Борис знает, что она никогда не станет реальностью. Потому что, когда он заново родится, не будет ничего помнить ни о своей прошлой земной жизни, ни о своем пребывании в мире ином. И неизвестно, кем он там родится: женщиной или мужчиной. Белым, черным, желтым, красным. Здоровым или калекой. В какой стране: процветающей или нищей. Все зависит от того, как он будет вести себя здесь. Борису кажется, что галстук душит его. Он сдирает с шеи галстук, снимает пиджак, рубашку, брюки, бежит к воде – купаться ему не запрещено. Тормозит у кромки прибоя – купаться разрешено, если высота волн не превышает одного метра. Эти волны выше. Значит – нельзя. Заходит в море по щиколотку – это не считается купанием. Стоит. Такая тоска. Его жизнь состоит из общения с только что умершими людьми, напуганными, растерянными. В его обязанности входит успокаивать этих людей, обустраивать, помогать осознать происходящее. Он по нескольку раз в неделю бывает на похоронах. Он видит так много горя, слез, страданий и отчаянья. Разве назовешь такую работу радостной?

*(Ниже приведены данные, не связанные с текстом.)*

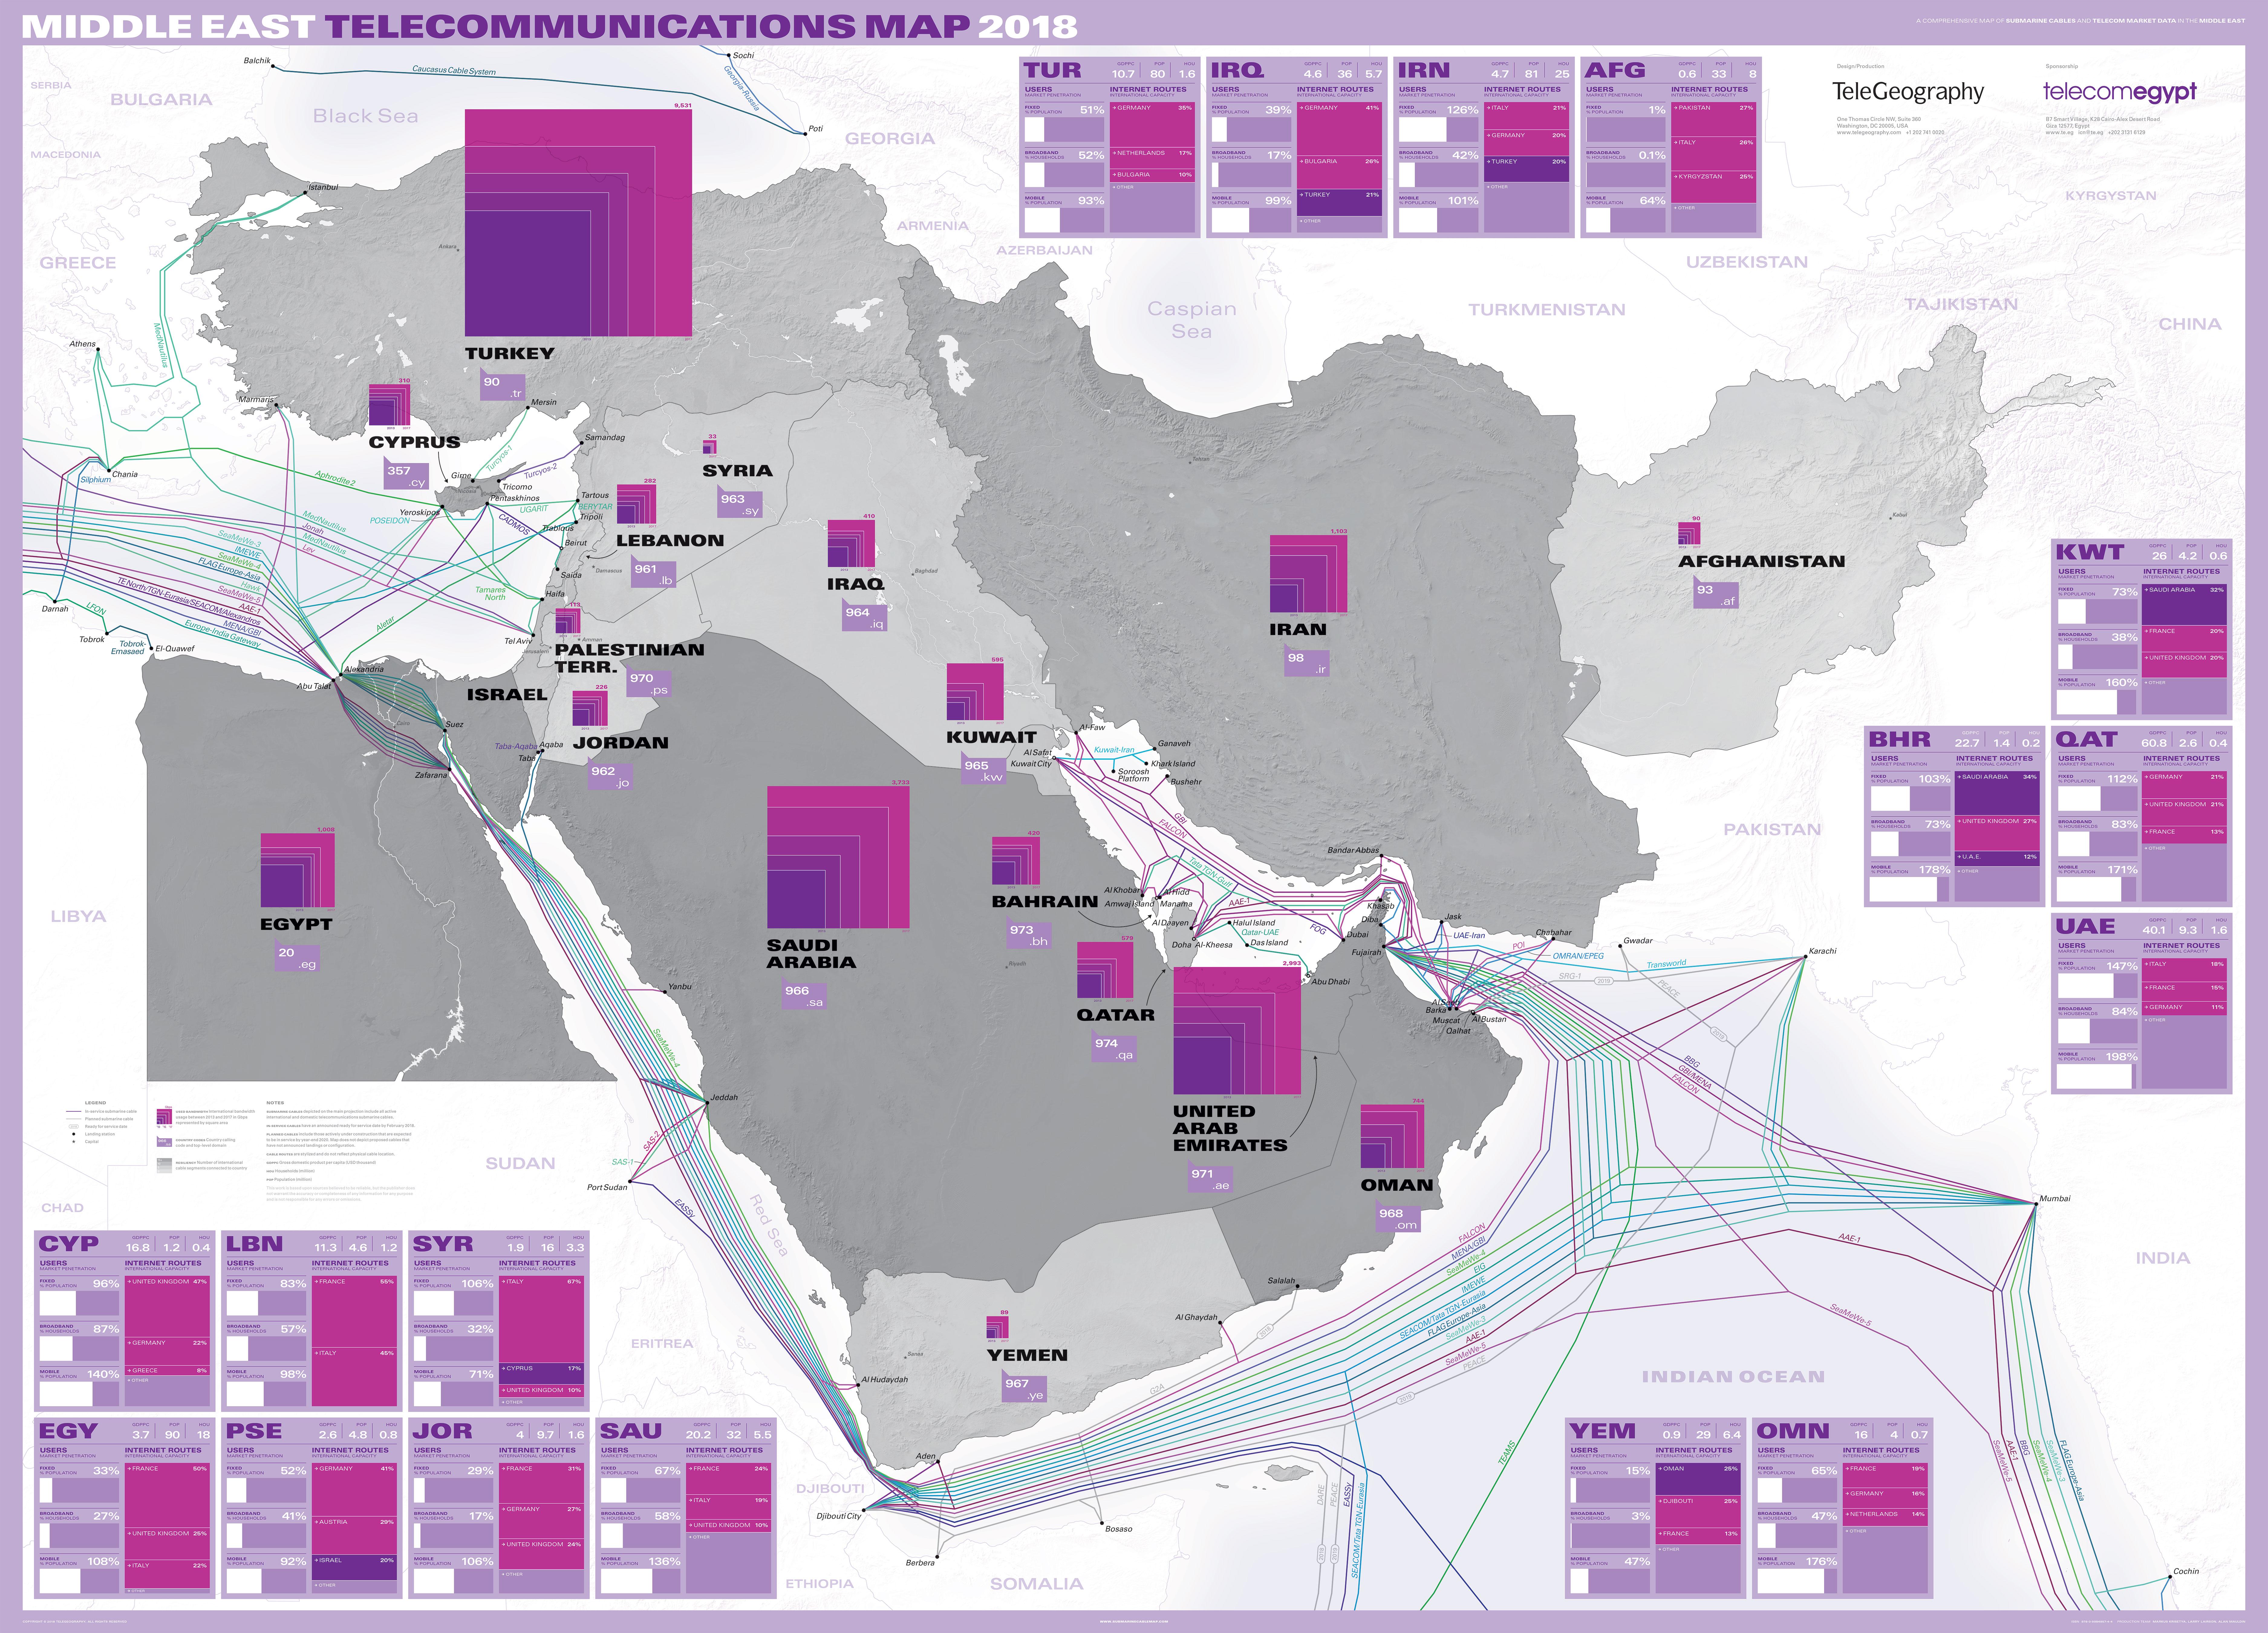 middle-east-telecom-map-2018-medium.jpg

Его направили на эту работу, потому что он боялся похорон при жизни, старался всеми силами их избегать. Он не пошел на похороны женщины, которую любил. Не решился. Она не была его женой. Жениться на ней он тоже не решился. Но он очень, горевал, когда ее не стало. Ее вызвали в суд в качестве свидетеля. Оказалось, что она его ненавидит. И за то, что не женился, а особенно за то, что на похороны не пришел. Он слышал, что женщины ведут счет всех больших и мелких прегрешений своих возлюбленных. Всех обид, которые они им нанесли. Ему казалось, что счета эти не более чем метафора, а оказалось, что они и в самом деле существуют. И если этот счет не был предъявлен при жизни, то он вполне может быть предъявлен после смерти. Благодаря этому счету он и оказался в Секторе работы над ошибками, одном из подразделений Чистилища.
Борису не слишком нравился его новый подопечный. Алеша напоминал ему себя самого в земной жизни: красивый, самоуверенный, эгоистичный бабник, больше всего ценящий свою свободу и благополучие, и плюющий на чувства других. Еще Бориса раздражало, что этот Алеша сотворил себе дом на берегу моря, а море для Бориса – самое большое искушение. Один вид волн возрождает в Борисе дух вольности и анархии. Вот и сейчас: как же хочется лететь на волне! Борис отворачивается от моря и обреченно идет к дому.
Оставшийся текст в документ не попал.